Portrait im Profil von Franz Kohlmann in Schwarz Weiß

MORD UND ANDERE ZUFÄLLE
Franz Koglmann eröffnet das Festival Retz 2024

Mit seiner neuen CD „Near Blue“ ist er gerade in aller Munde: Franz Koglmann, Trompeter, Flügelhornist, Komponist und Doyen der österreichischen Jazz-Szene. Der gebürtige Mödlinger verwahrt sich gegen stilistische Schubladen:

„Ich schreibe Musik, die Jazz zulässt.“

Intellektuell und mental zwischen Improvisation und europäischer Avantgarde verortet, zählt Koglmann zu jenen Grenzgängern, denen das Musikland Österreich viele kreative Impulse und internationales Renommee verdankt. Seine legendären Konzerte mit Steve Lacy, Bill Dixon und Tony Coe lassen die Herzen seiner großen Fan-Gemeinde höherschlagen. Und setzten neue ästhetische Standards. „Cantos“, „L’heure bleue“, „An Affaire with Strauß”, „The Use of Memory” oder „Nocturnal Walks” sollten in keiner gutsortierten Plattensammlung fehlen. 

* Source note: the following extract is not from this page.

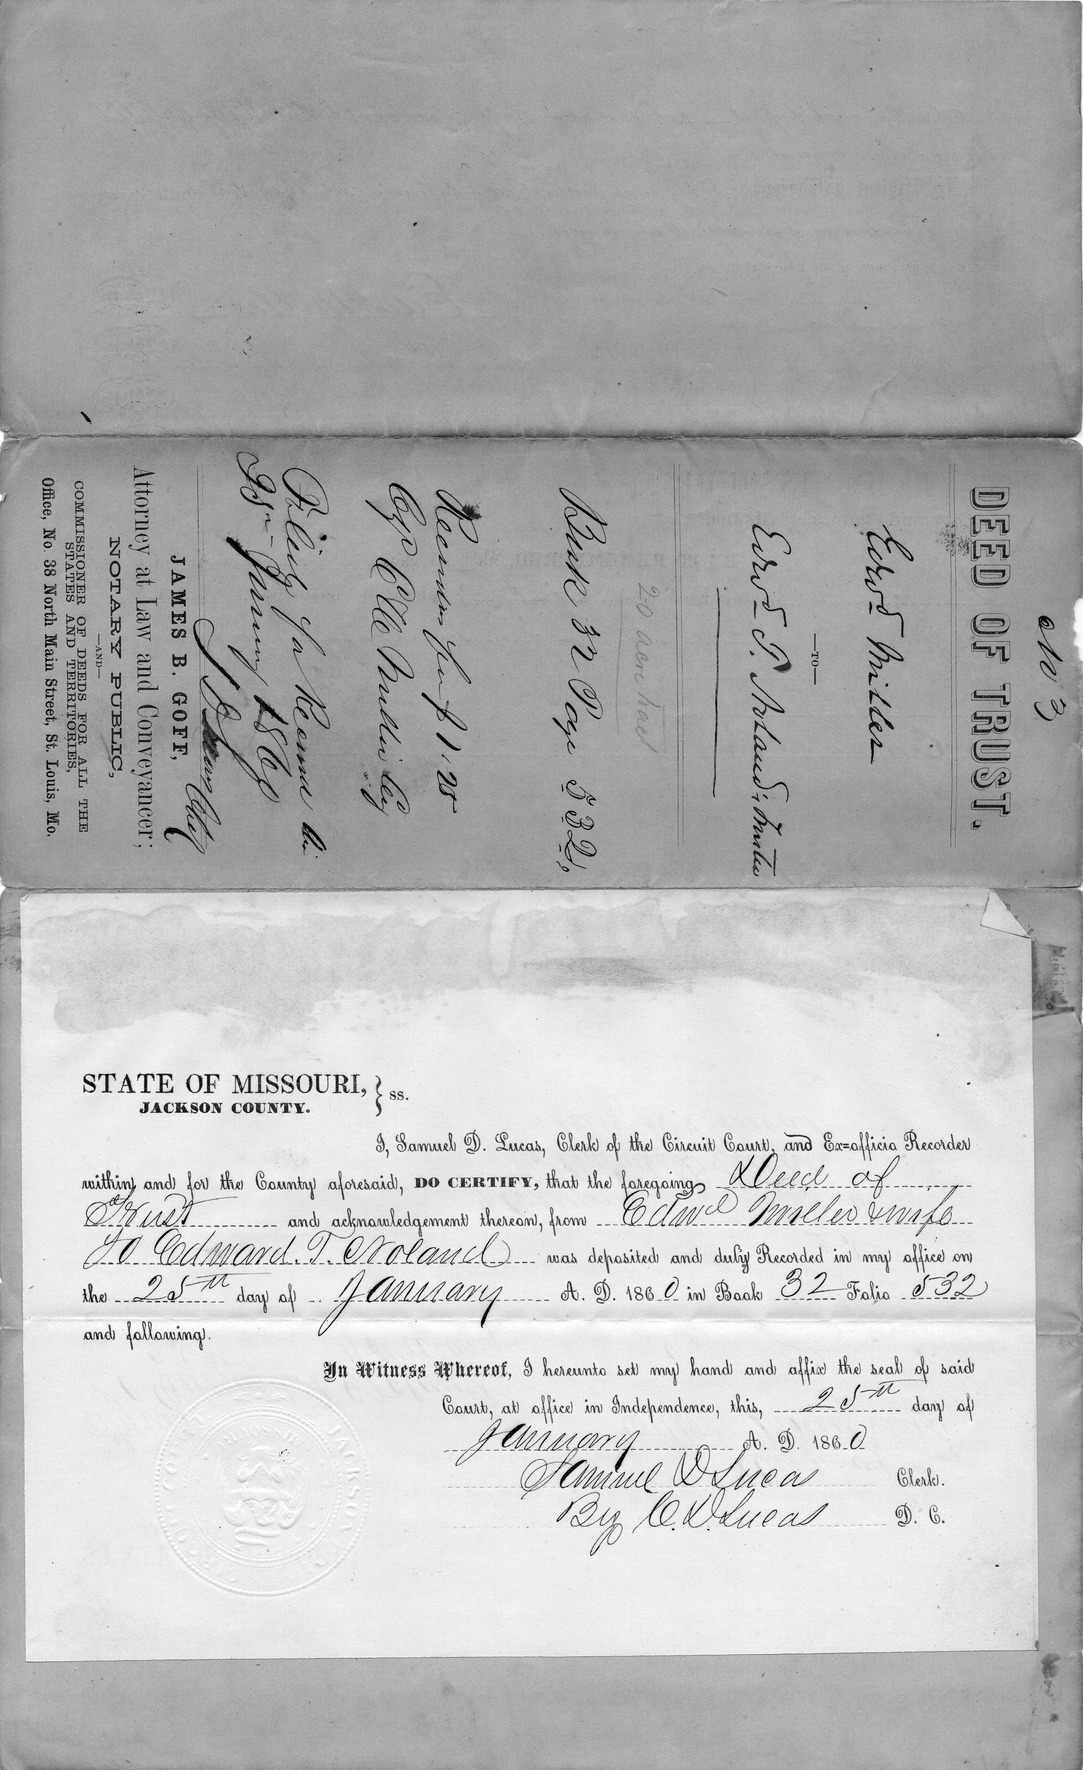 Deed of Trust from Edward Miller to Edward T. Noland

Die „Wiener Musikgalerie“, die Koglmann zusammen mit seiner Lebensgefährtin Ingrid Karl – einer Nachfahrin von Peter Rosegger – Anfang der 1980er Jahre gründete, entwickelte sich über Jahrzehnte zu einem Treffpunkt der globalen Musikwelt und bot neuen Klangsprachen wie atemberaubenden Soundkonzepten ein prominentes Forum.

Koglmanns Sound ist unverwechselbar. Ob in kleiner Jazz-Club-Besetzung, im großen Konzertensemble, selbst auf der Theaterbühne (er schrieb zwei Musiktheaterwerke, die beide für großes Aufsehen sorgten, und ein gefeiertes Ballett). Seine musikalische Sprache ist inspiriert von bildender Kunst, Film und Literatur und gleicht einem Bilderrätsel: voll kultureller Bezüge und gewitzter Anspielungen, lakonischem Hintersinn und einem Schuss Melancholie.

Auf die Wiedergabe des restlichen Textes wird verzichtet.